Exercise requirements | Would you return, word for word, the lines running from the one with "Power Rangers Ninja" to the final line of the listing below, pictures omitted?

(Collected data)

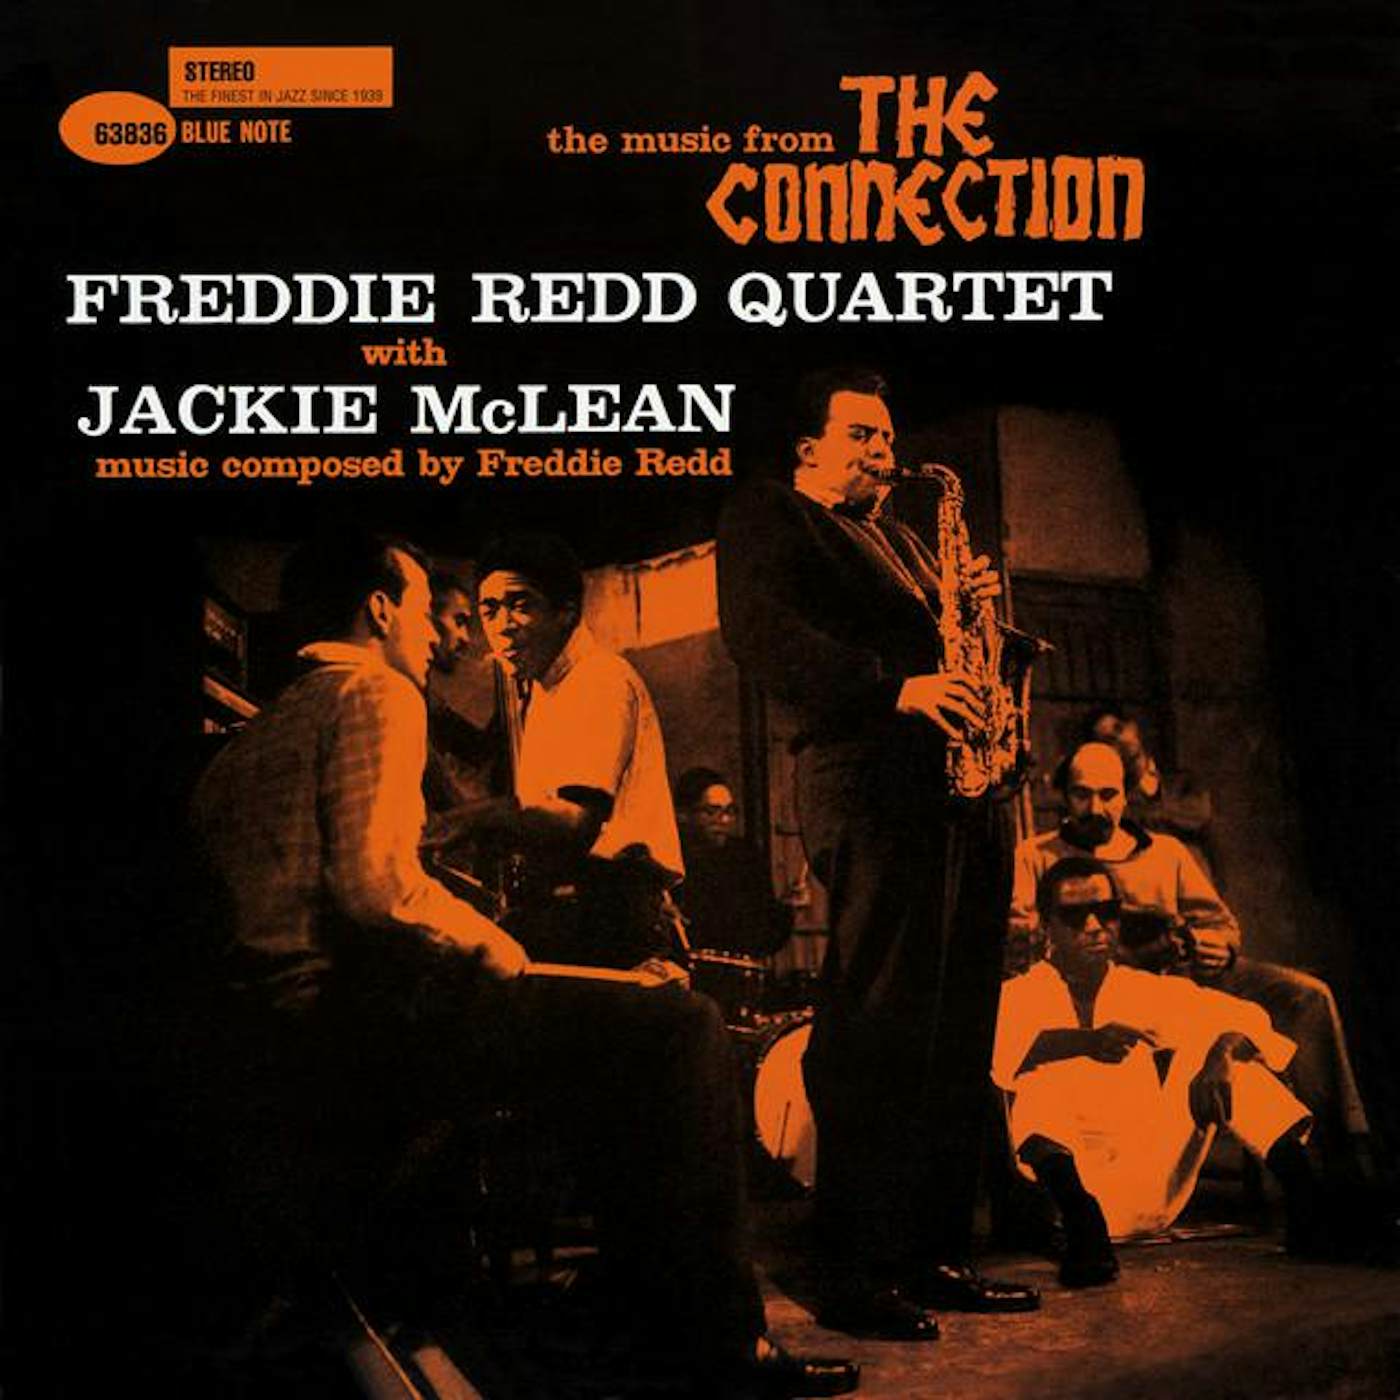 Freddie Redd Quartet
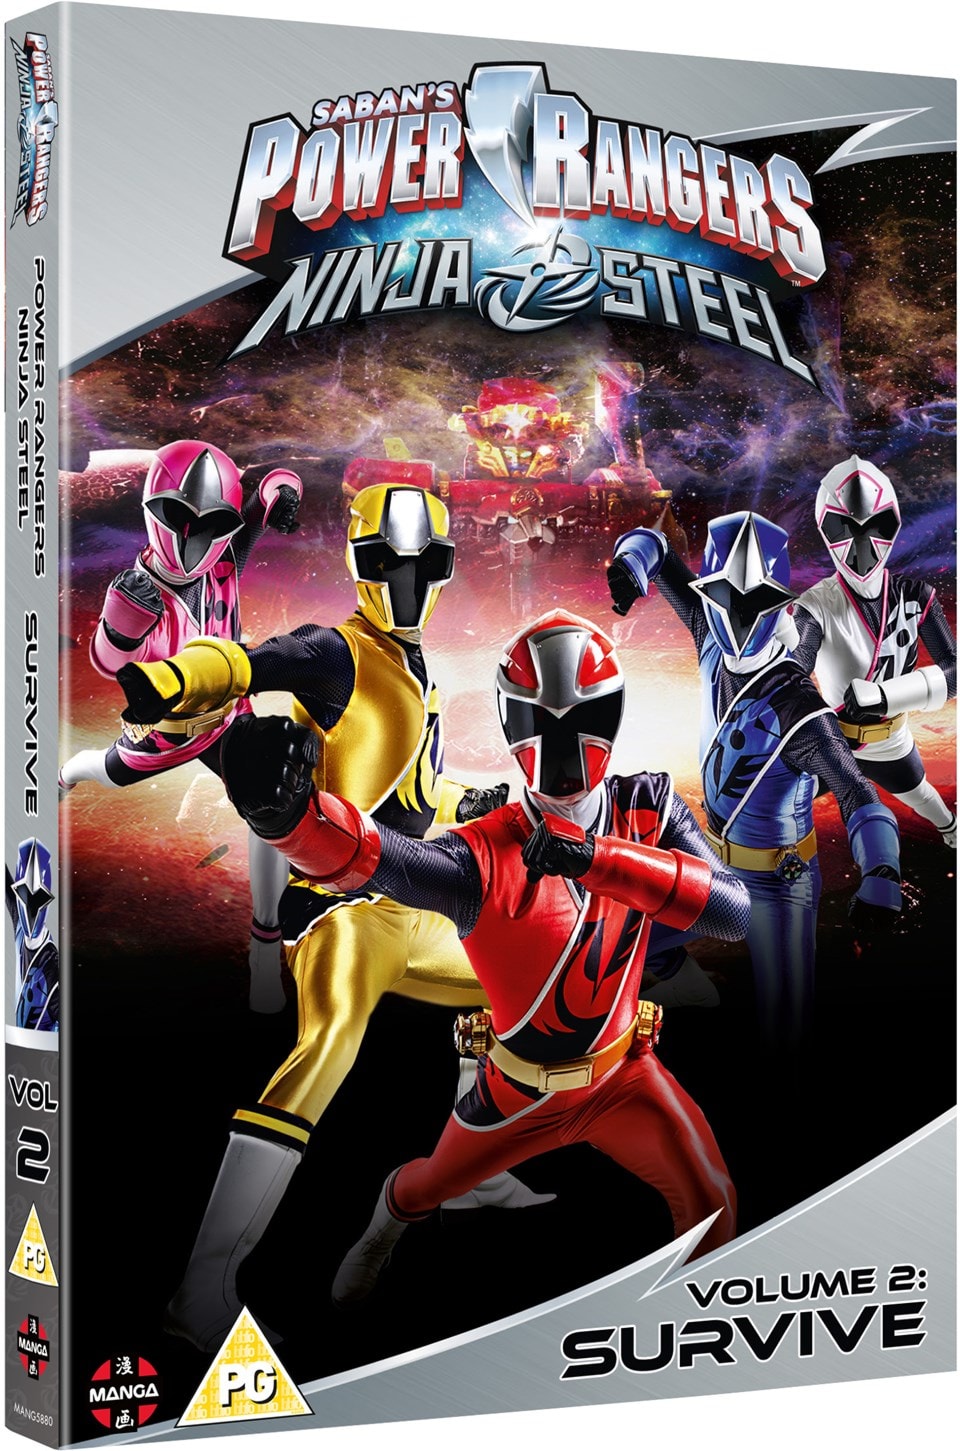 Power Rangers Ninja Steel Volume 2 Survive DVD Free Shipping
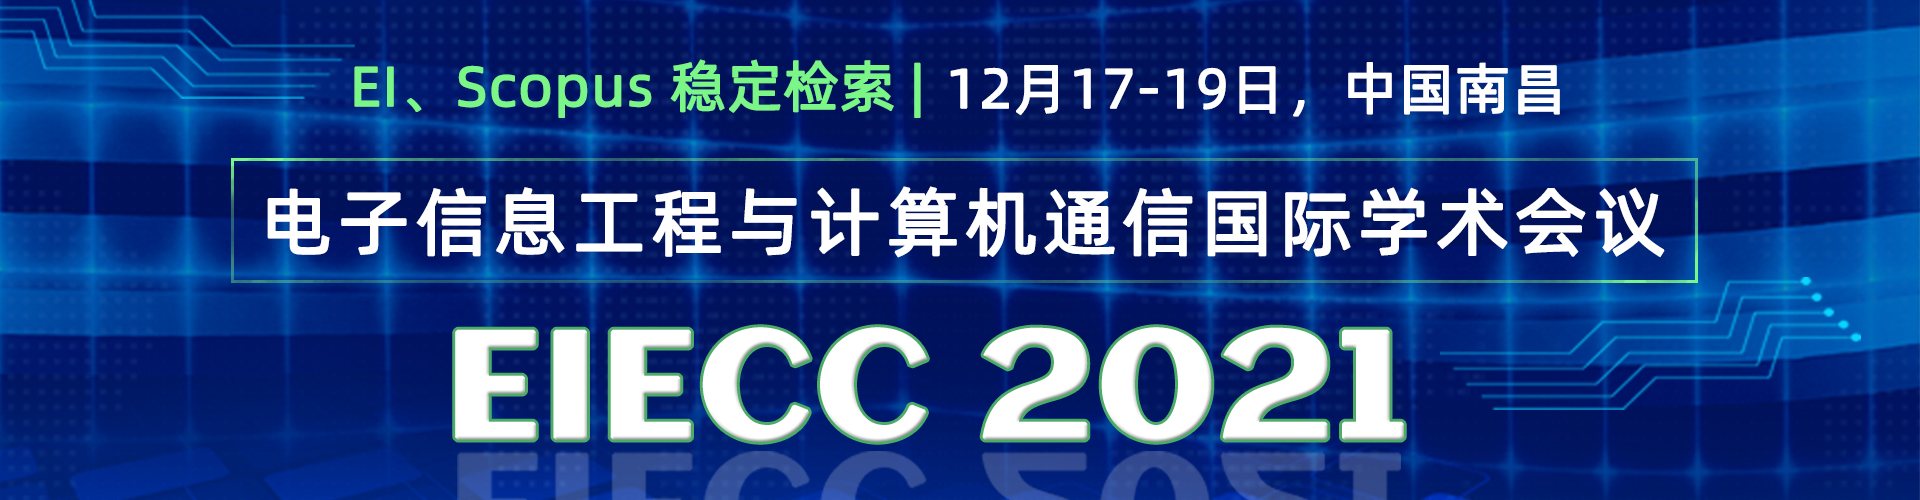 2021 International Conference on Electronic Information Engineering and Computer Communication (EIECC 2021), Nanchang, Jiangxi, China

(End Collected data)

Output for this exercise |
 Power Rangers Ninja Steel Volume 2 Survive DVD Free Shipping
 2021 International Conference on Electronic Information Engineering and Computer Communication (EIECC 2021), Nanchang, Jiangxi, China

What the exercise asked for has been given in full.